WHAT NEEDS TO BE DONE:
Having read the records, set them all down exactly as they appear.

########

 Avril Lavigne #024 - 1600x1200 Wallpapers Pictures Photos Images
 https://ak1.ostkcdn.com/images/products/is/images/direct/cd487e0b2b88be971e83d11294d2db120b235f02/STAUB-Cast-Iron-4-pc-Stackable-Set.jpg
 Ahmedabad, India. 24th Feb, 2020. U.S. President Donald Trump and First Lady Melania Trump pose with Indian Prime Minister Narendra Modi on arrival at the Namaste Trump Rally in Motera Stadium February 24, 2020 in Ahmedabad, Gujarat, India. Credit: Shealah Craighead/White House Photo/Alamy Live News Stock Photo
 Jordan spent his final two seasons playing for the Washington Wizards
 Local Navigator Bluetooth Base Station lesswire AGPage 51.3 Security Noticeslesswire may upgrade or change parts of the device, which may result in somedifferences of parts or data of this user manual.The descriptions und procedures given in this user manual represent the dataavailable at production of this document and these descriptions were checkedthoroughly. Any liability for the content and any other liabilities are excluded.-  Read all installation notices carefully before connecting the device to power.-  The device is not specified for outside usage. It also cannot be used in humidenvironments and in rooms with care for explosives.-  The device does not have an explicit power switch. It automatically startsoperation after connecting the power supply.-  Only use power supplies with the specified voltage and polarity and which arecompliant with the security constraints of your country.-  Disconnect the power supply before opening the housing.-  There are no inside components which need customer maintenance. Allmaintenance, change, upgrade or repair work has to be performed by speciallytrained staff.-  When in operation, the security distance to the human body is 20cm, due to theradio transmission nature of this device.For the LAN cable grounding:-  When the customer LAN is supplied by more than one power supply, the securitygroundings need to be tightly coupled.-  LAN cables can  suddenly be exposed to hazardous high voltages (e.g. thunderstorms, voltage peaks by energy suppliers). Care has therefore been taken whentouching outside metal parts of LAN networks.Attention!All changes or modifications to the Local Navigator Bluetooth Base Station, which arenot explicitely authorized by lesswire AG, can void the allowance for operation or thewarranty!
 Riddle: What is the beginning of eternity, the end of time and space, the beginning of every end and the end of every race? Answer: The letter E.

########

OUTPUT BELOW:
 Avril Lavigne #024 - 1600x1200 Wallpapers Pictures Photos Images
 https://ak1.ostkcdn.com/images/products/is/images/direct/cd487e0b2b88be971e83d11294d2db120b235f02/STAUB-Cast-Iron-4-pc-Stackable-Set.jpg
 Ahmedabad, India. 24th Feb, 2020. U.S. President Donald Trump and First Lady Melania Trump pose with Indian Prime Minister Narendra Modi on arrival at the Namaste Trump Rally in Motera Stadium February 24, 2020 in Ahmedabad, Gujarat, India. Credit: Shealah Craighead/White House Photo/Alamy Live News Stock Photo
 Jordan spent his final two seasons playing for the Washington Wizards
 Local Navigator Bluetooth Base Station lesswire AGPage 51.3 Security Noticeslesswire may upgrade or change parts of the device, which may result in somedifferences of parts or data of this user manual.The descriptions und procedures given in this user manual represent the dataavailable at production of this document and these descriptions were checkedthoroughly. Any liability for the content and any other liabilities are excluded.-  Read all installation notices carefully before connecting the device to power.-  The device is not specified for outside usage. It also cannot be used in humidenvironments and in rooms with care for explosives.-  The device does not have an explicit power switch. It automatically startsoperation after connecting the power supply.-  Only use power supplies with the specified voltage and polarity and which arecompliant with the security constraints of your country.-  Disconnect the power supply before opening the housing.-  There are no inside components which need customer maintenance. Allmaintenance, change, upgrade or repair work has to be performed by speciallytrained staff.-  When in operation, the security distance to the human body is 20cm, due to theradio transmission nature of this device.For the LAN cable grounding:-  When the customer LAN is supplied by more than one power supply, the securitygroundings need to be tightly coupled.-  LAN cables can  suddenly be exposed to hazardous high voltages (e.g. thunderstorms, voltage peaks by energy suppliers). Care has therefore been taken whentouching outside metal parts of LAN networks.Attention!All changes or modifications to the Local Navigator Bluetooth Base Station, which arenot explicitely authorized by lesswire AG, can void the allowance for operation or thewarranty!
 Riddle: What is the beginning of eternity, the end of time and space, the beginning of every end and the end of every race? Answer: The letter E.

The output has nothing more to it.